Image courtesy of Image courtesy of Jira Hera, accessed via Canva


Claim:
In March 2026, the U.S. Department of the Treasury declared the U.S. government insolvent.
Rating:
False

About this rating


Following the U.S. Department of the Treasury's publication of financial documents for the previous fiscal year on March 16, 2026, rumors abounded that it had declared the U.S. government insolvent — meaning the Treasury purportedly announced the government could no longer repay its debts

An X user shared the rumor in a March 28, 2026, post (archived), adding that the government had allegedly spent $1.8 trillion more than it had collected in the year ending on Sept. 30, 2025.

Other users shared the claim in posts on FacebookX and Threads. One post (archived) called the news "major" and lamented that no media outlet was reporting on the alleged development.

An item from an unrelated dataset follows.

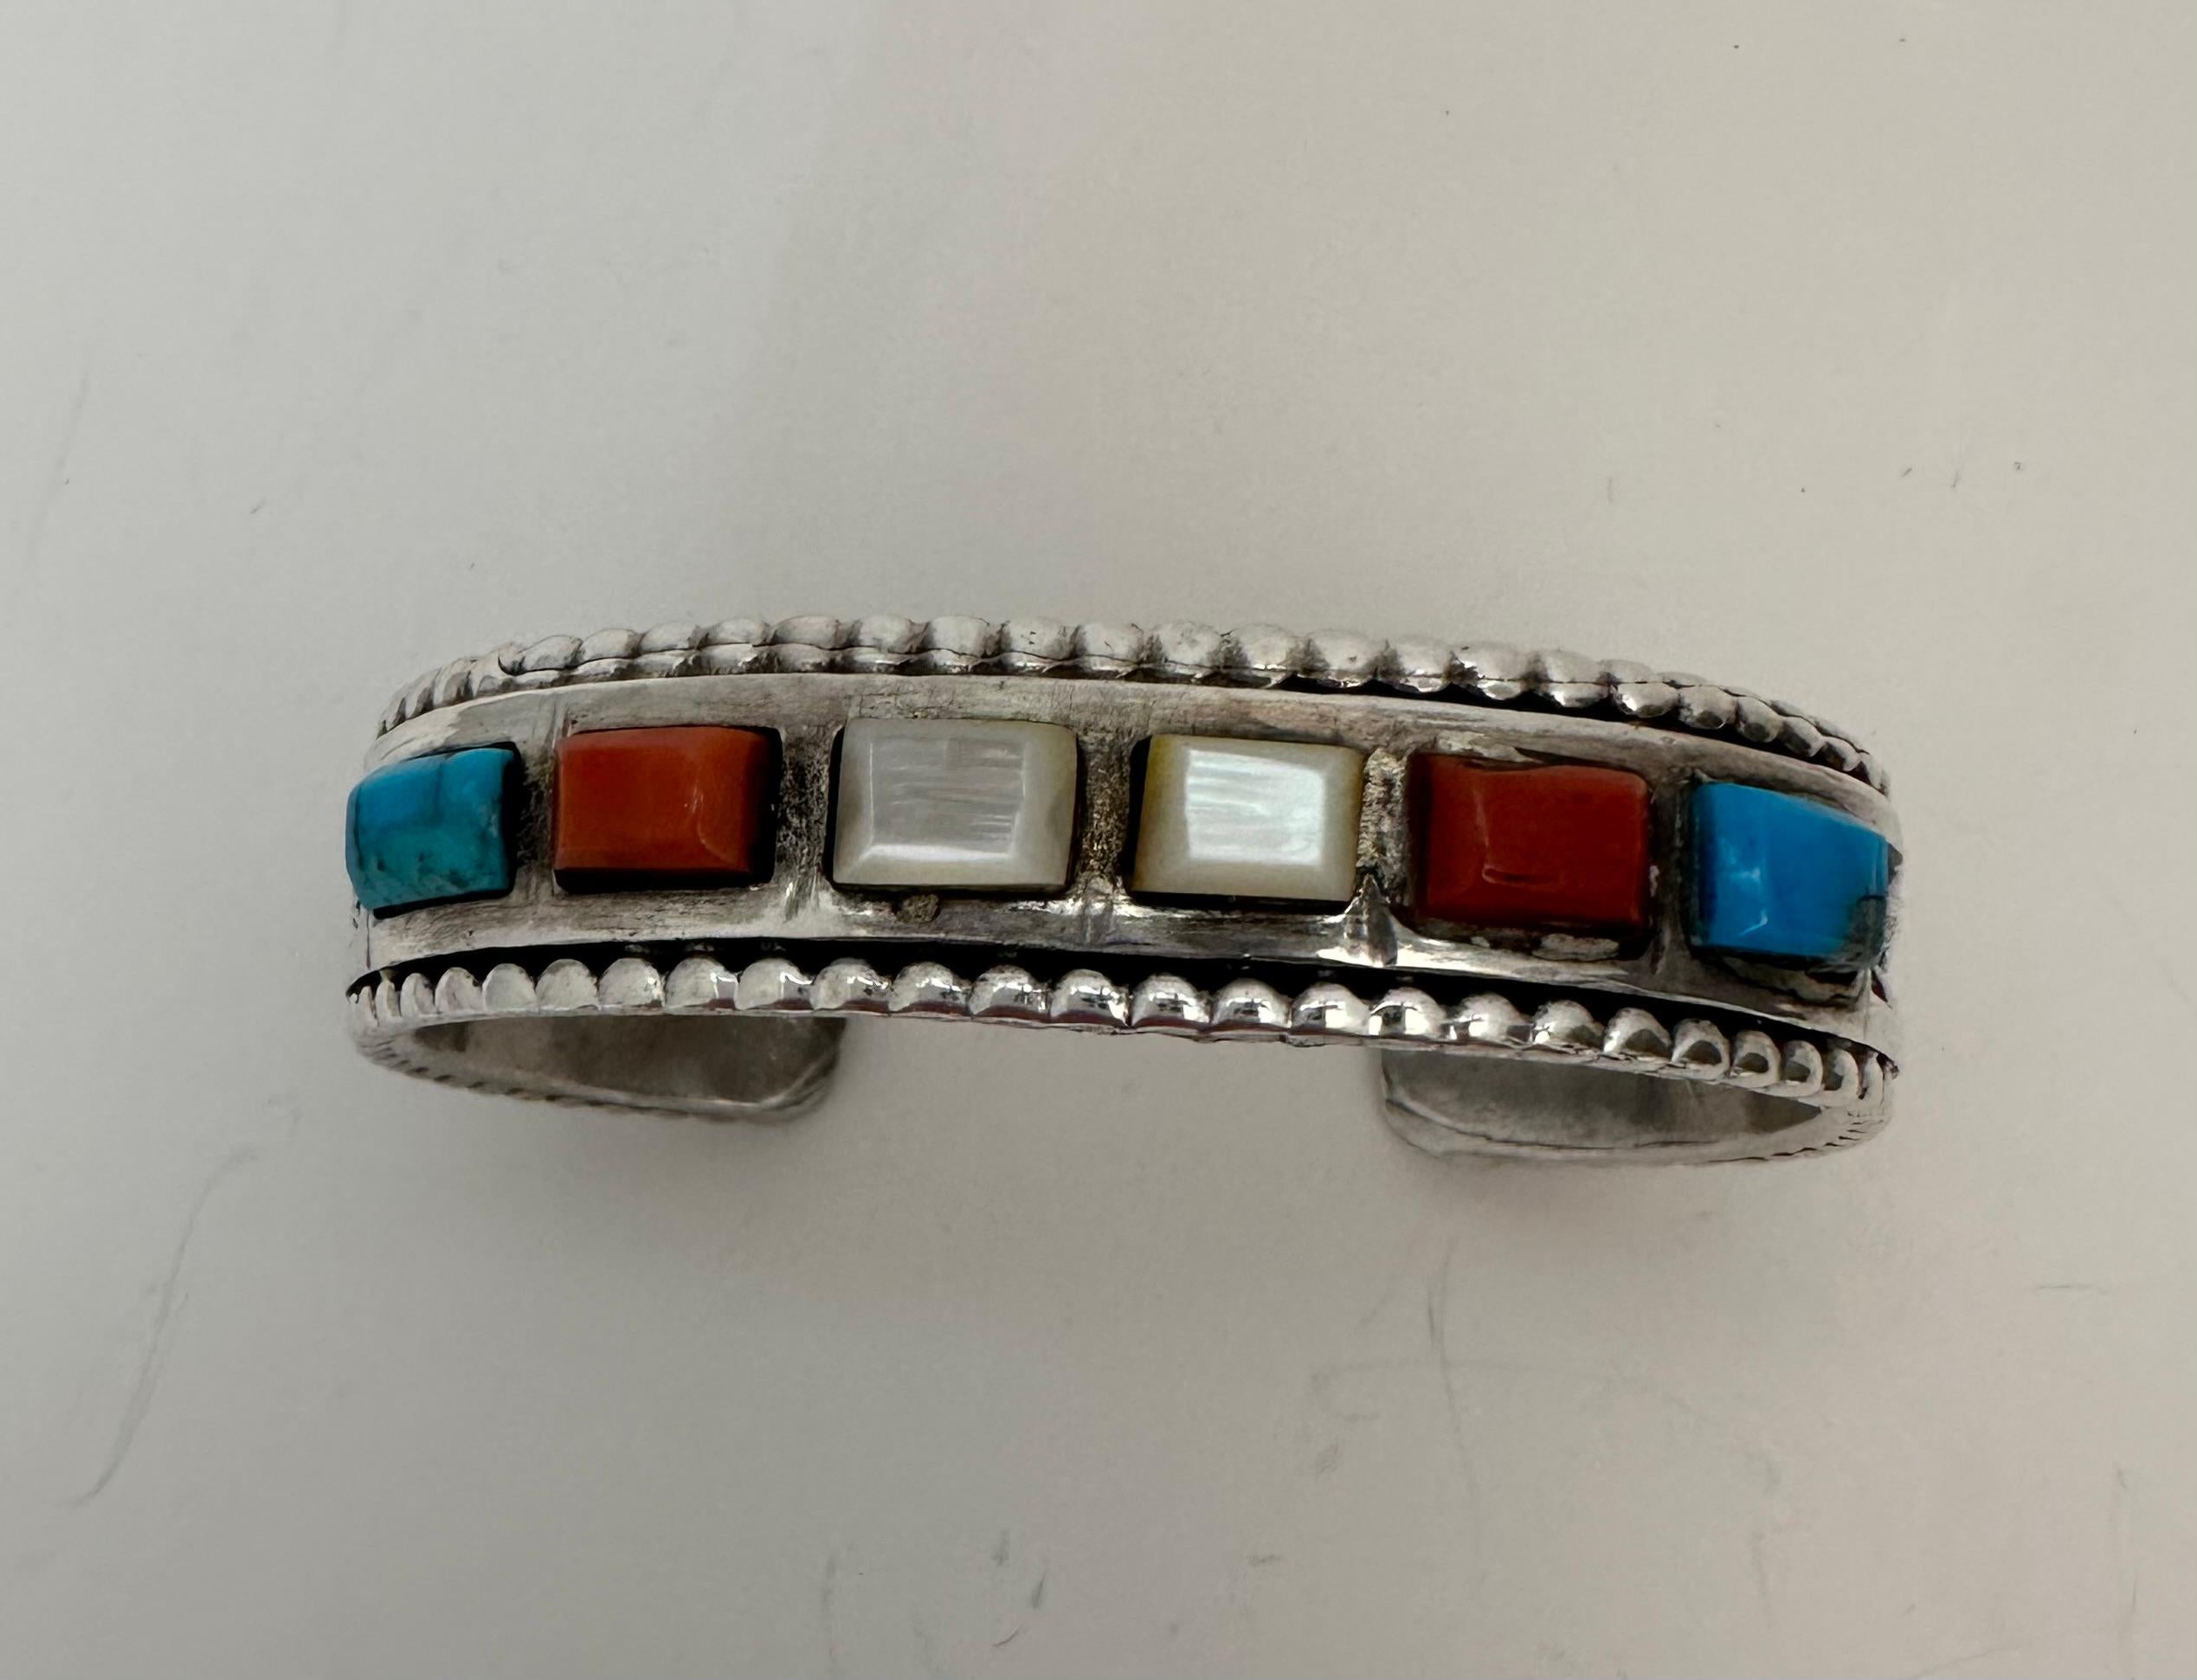 Vintage Navajo Sterling Silver .925 Coral, Turquoise And Mother Of Pearl Inlay Small Cuff Bracelet
Approx: 1/2

Several Snopes readers also searched the website and emailed us, seeking to confirm whether the rumor was true. 

The claim stemmed from an opinion piece in Fortune magazine on March 23, 2026. While the original Fortune article was tagged as "commentary" on the publication's website, the piece also appeared on Yahoo Finance. There, the only indication the piece was opinion, not fact, was at the very bottom of the article.

Its author, Steve Hanke, an economist at Johns Hopkins University, asserted that the Treasury had "declared the U.S. insolvent," citing figures from the Treasury's financial report and statements:

That's not hyperbole — it's the conclusion drawn directly from the Treasury Department's own consolidated financial statements for fiscal year 2025, released last week to near-total media silence. The numbers: $6.06 trillion in total assets against $47.78 trillion in total liabilities as of September 30, 2025.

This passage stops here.